● Task
In the entries that follow, find the line containing "Samsung LS17PENSF/CLT manual" and the line containing "Emma Grün® nachhaltiges Textil & Schuhspray", then retype exactly the lines from the first through the second, pictures excluded.

● Data shown

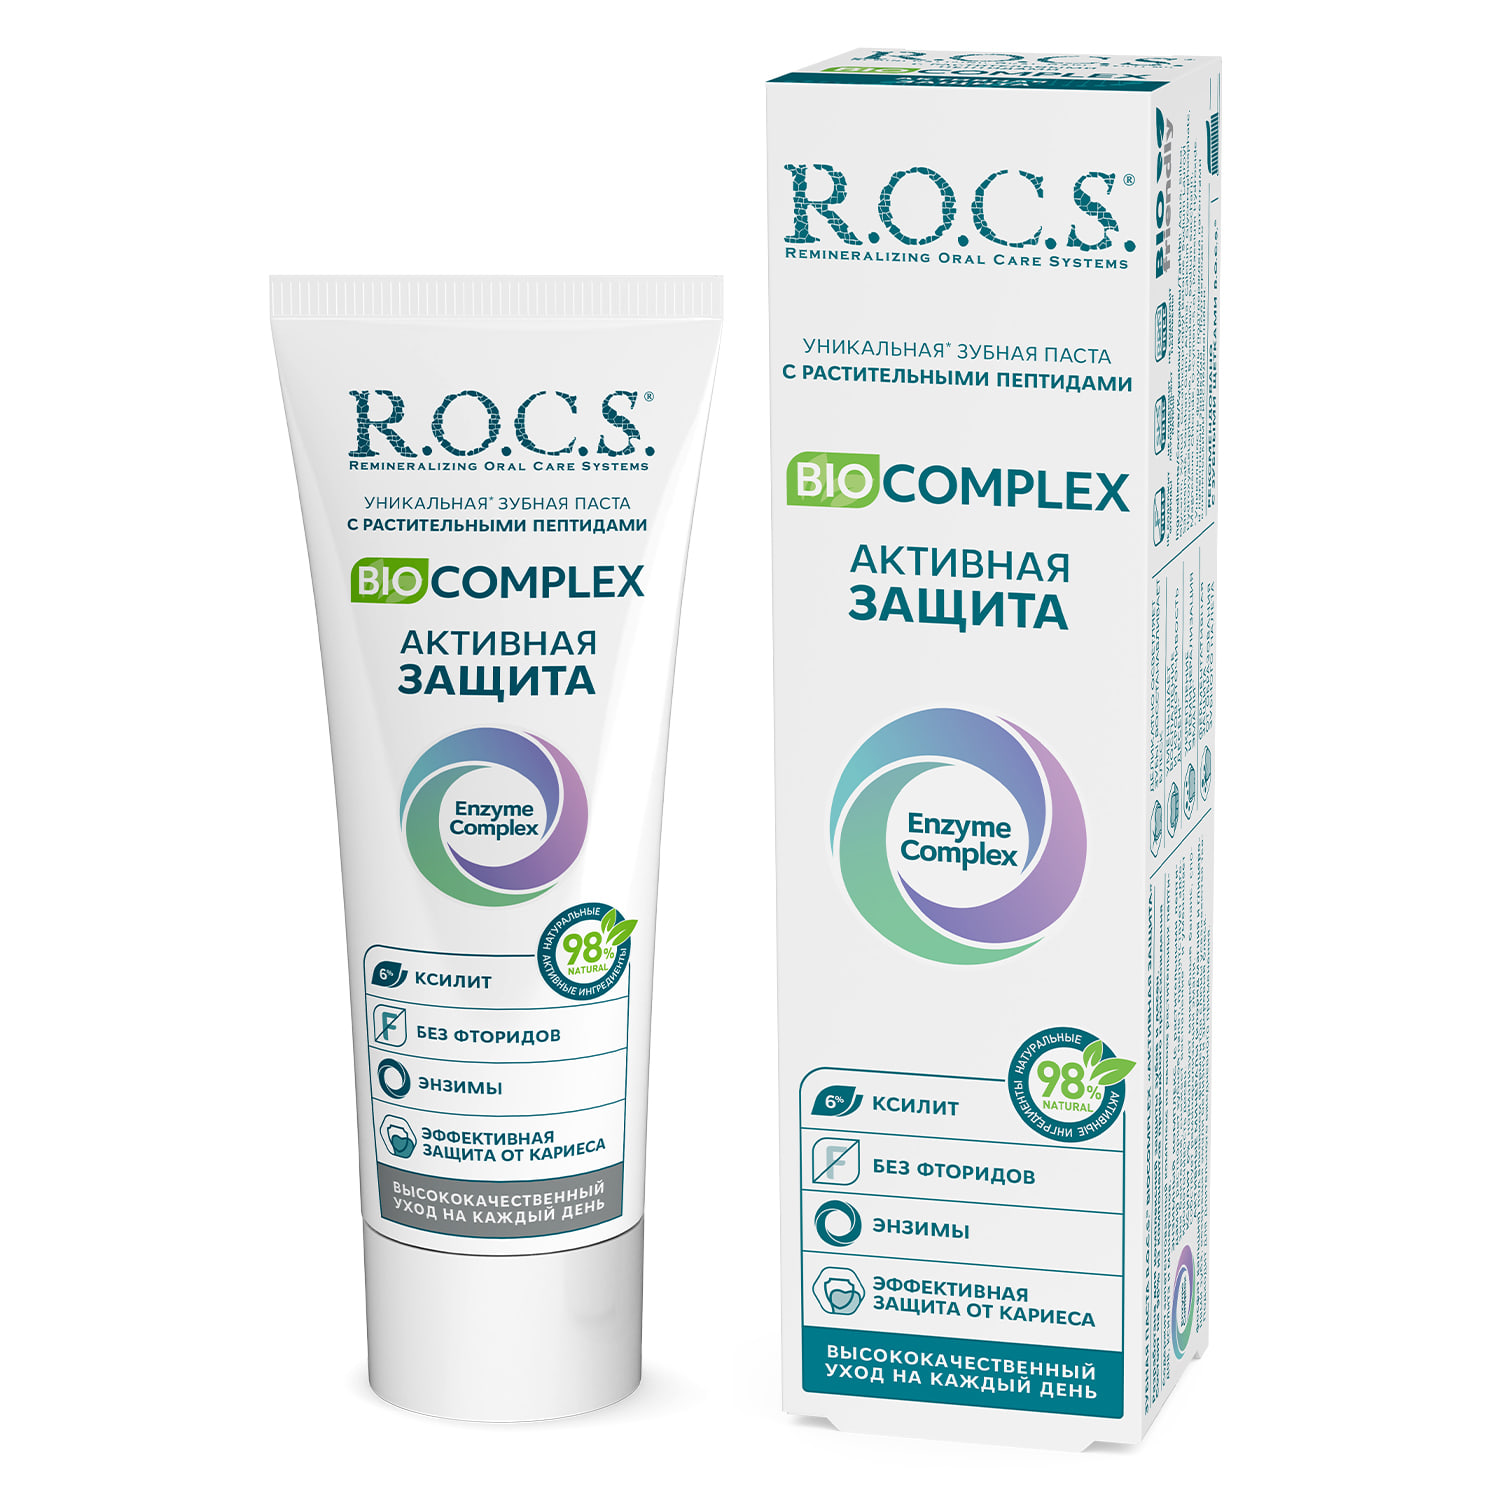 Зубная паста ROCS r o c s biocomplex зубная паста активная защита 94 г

...

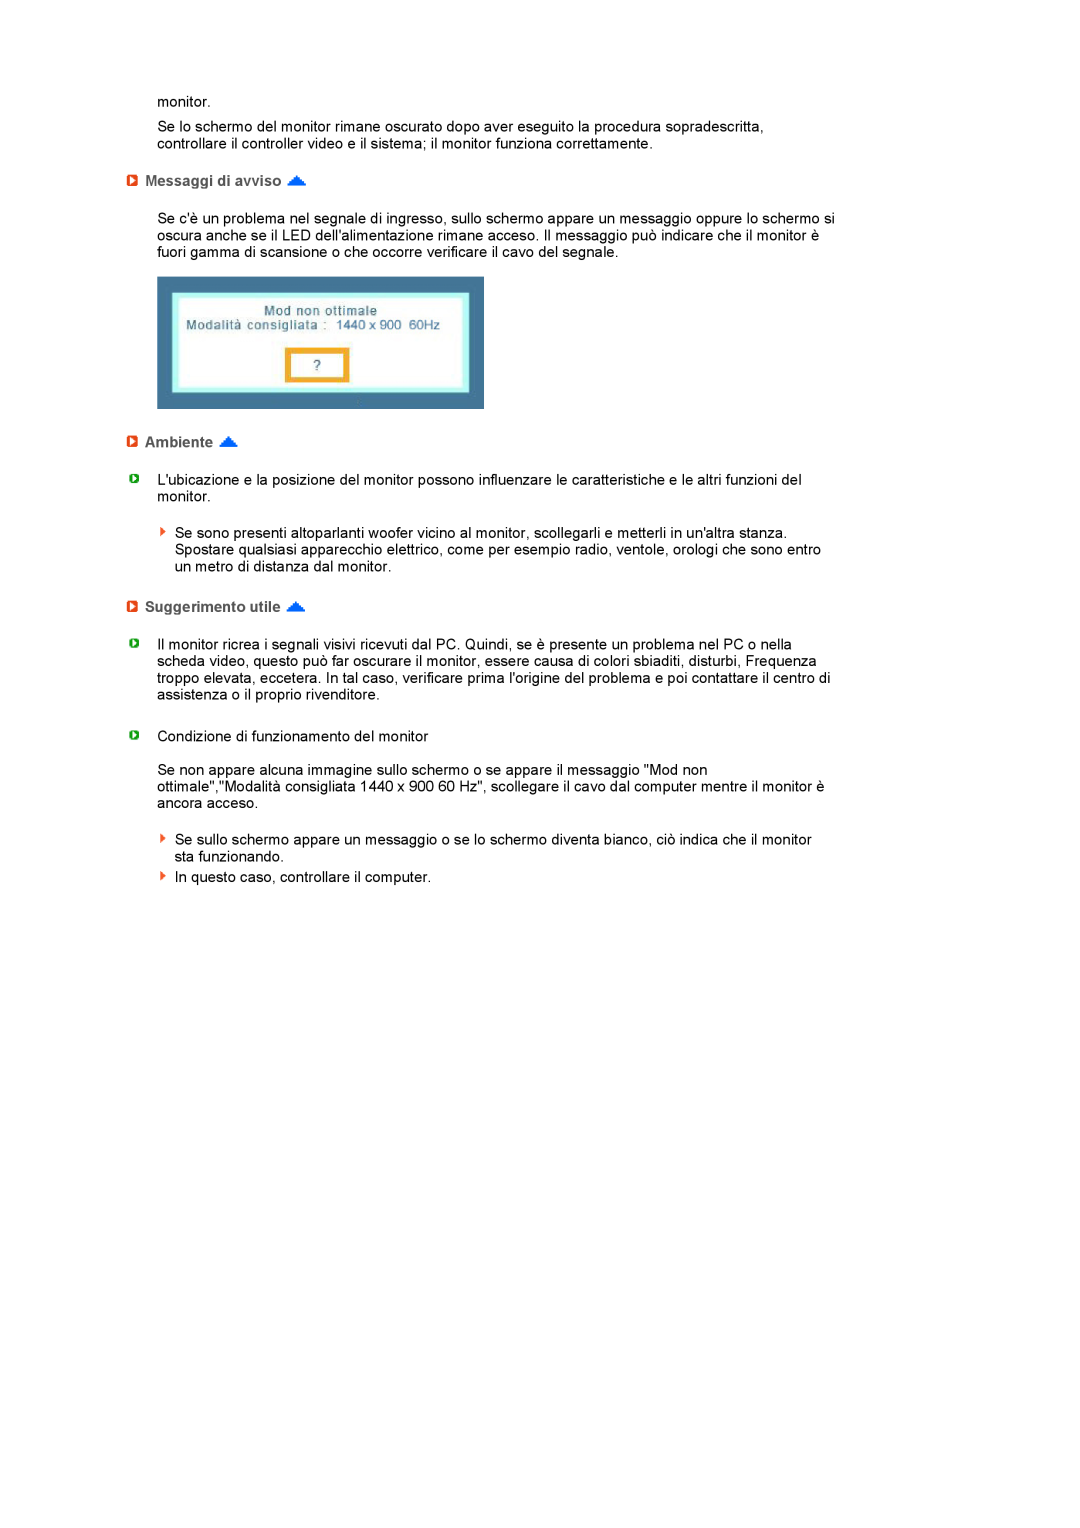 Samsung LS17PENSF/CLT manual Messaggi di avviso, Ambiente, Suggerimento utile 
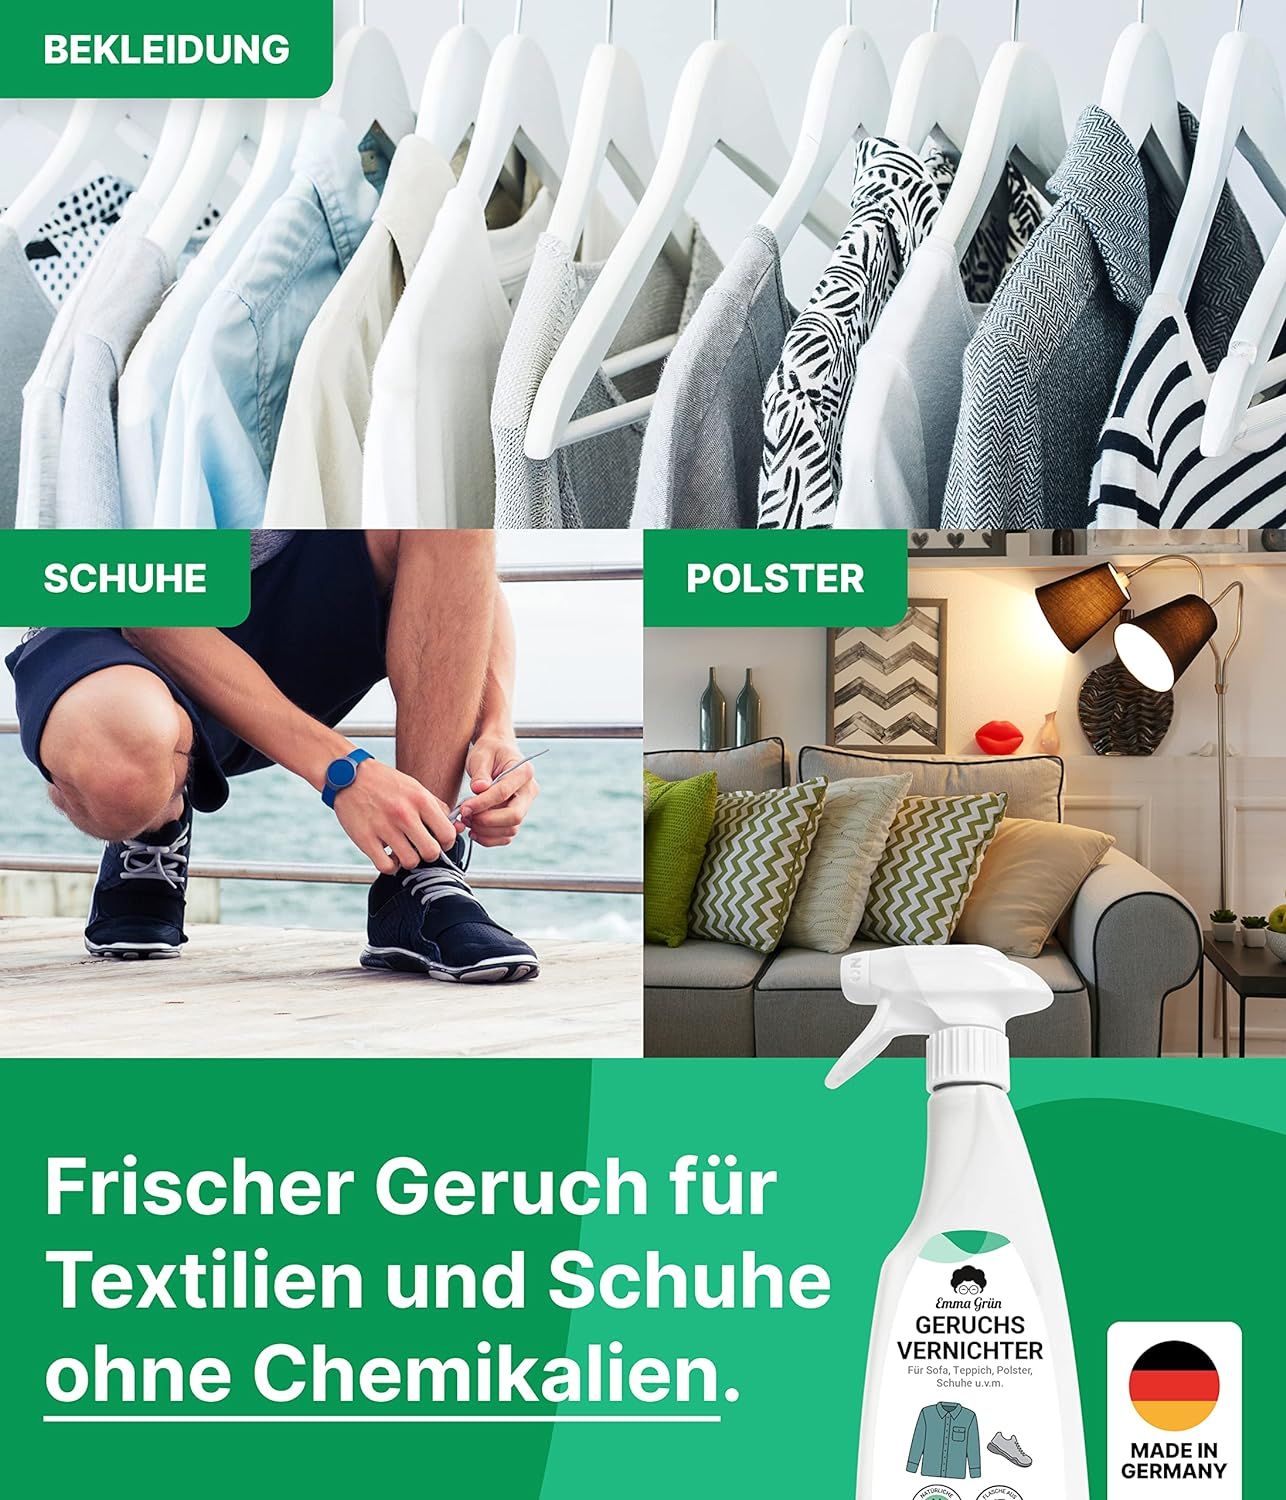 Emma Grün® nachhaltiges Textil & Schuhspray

● Problem solution
 Samsung LS17PENSF/CLT manual Messaggi di avviso, Ambiente, Suggerimento utile 
 Emma Grün® nachhaltiges Textil & Schuhspray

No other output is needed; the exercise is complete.